Unfortunately, paving the old cowpaths is exactly what many enterprises appear to be doing when they attempt to implement cloud infrastructure. Treb Ryan, CEO of OpSource, has been getting in trouble with his company's new owners, Dimension Data, for repeatedly saying that he doesn't like private clouds. He did it again in his keynote speech last week, much to the dismay of colleagues out in the field selling private clouds to Dimension Data's customers. But as Ryan went on to explain in his talk, it's only certain types of private cloud he dislikes. Specifically, those that waste money because, in a nutshell, they follow the old cowpaths.

"There's stuff being sold to enterprises for private cloud that service providers that have to run at a profit would never buy," Ryan told the AATC audience last week. Out in the enterprise market, he explained, the big systems vendors and their global SI partners are specifying private clouds with sophisticated hardware platforms and complex management software that is designed for conventional enterprise computing environments. It's complete overkill for a typical cloud infrastructure. As a result, he has heard of organisations spending large sums of money to implement private cloud instances that never get used when the operating costs become fully apparent. "For the first time, I'm seeing hardware turn into shelfware," he concluded. "A large percentage of private cloud is designed to get more hardware and more software and shove it onto the customer's shelf."

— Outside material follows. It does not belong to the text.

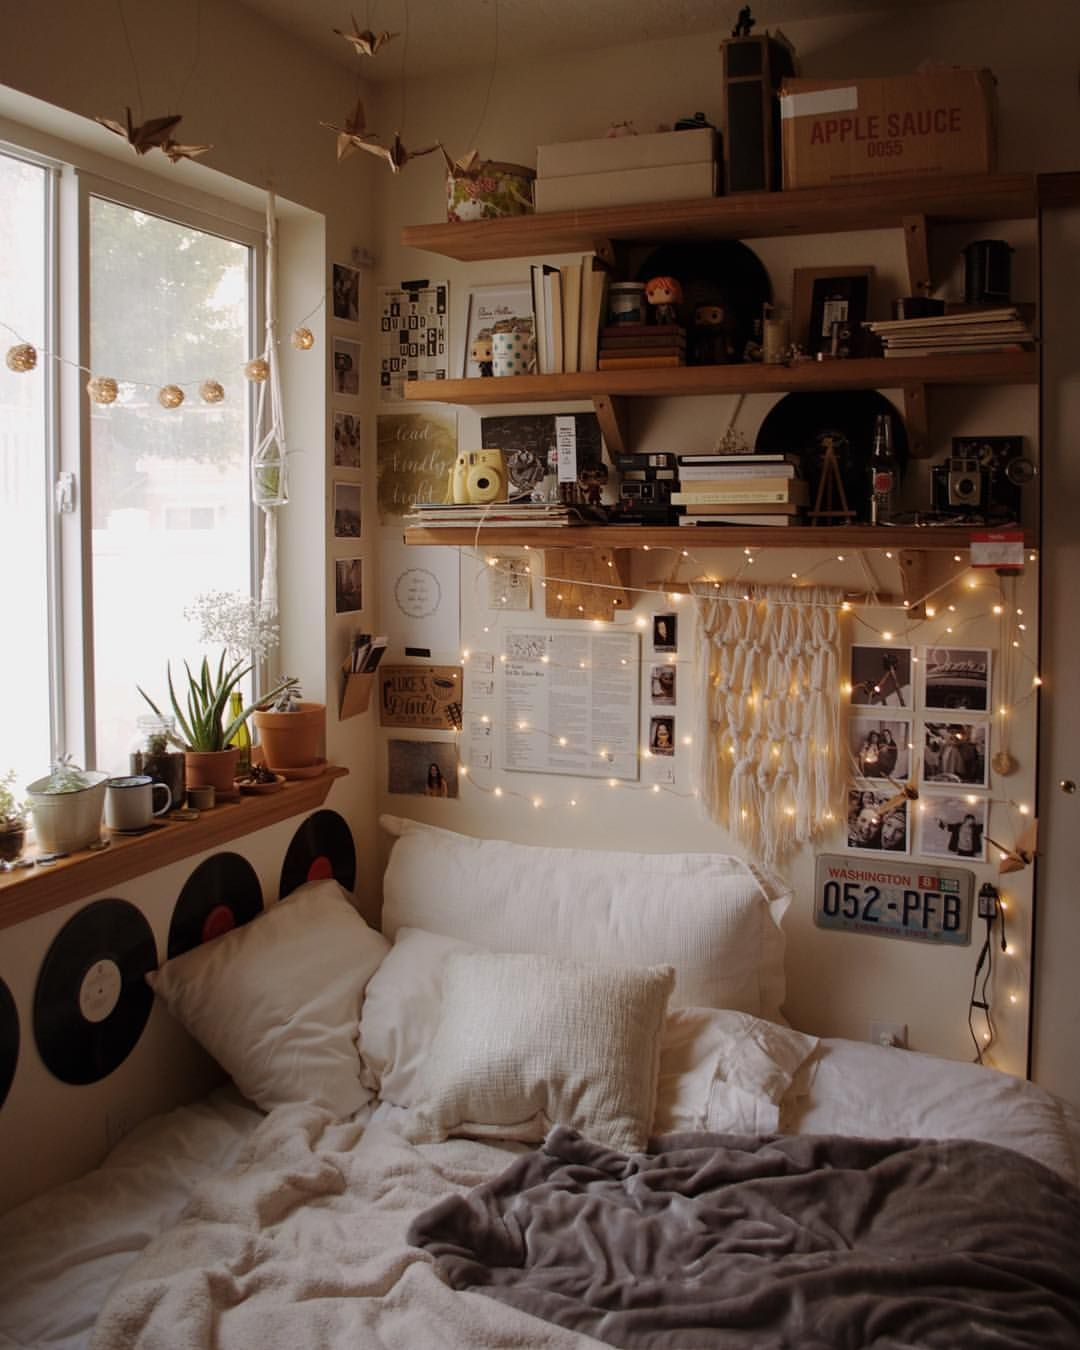 Aesthetic Dorm Room: Pin On Bedroom Ideas

I delivered my own take on private cloud in an analyst panel later the same day, succinctly summed up in this attendee's tweet: "There are no private clouds, only badly run public clouds. Aka denial clouds." Anyone that believes they can avoid the perils of the Internet today by building their own private cloud is living in cloud cuckoo land. Every enterprise IT infrastructure already touches the cloud at many points, I explained, whether it's linking to mobile devices out in the field, supporting remote locations or simply operating websites and ecommerce. It's pure denial to pretend against all the evidence that conventional approaches remain superior when almost every day there's news of yet another enterprise failing to protect its infrastructure and data because it didn't have its cloud act in order.

Instead of continuing to pave the old cowpaths and hoping the Internet will go away, enterprises should be building infrastructure that learns from the best practice established by today's leading public cloud operators — and if they can't they should run their IT directly on public cloud platforms. The back end will still be private to their administrators, but if it is built to rigorous public cloud standards, it will meet all the economic, performance and compliance requirements they need while delivering all of those crucial emerging capabilities Lock discussed in his presentation. That of course is what Ryan means when he doesn't like private clouds, and it bears out a sentiment originally tweeted more than a year ago by Adrian Cockcroft, cloud architect at Netflix: "There is no technical reason for private cloud to exist, it's all $, FUD and internal politics."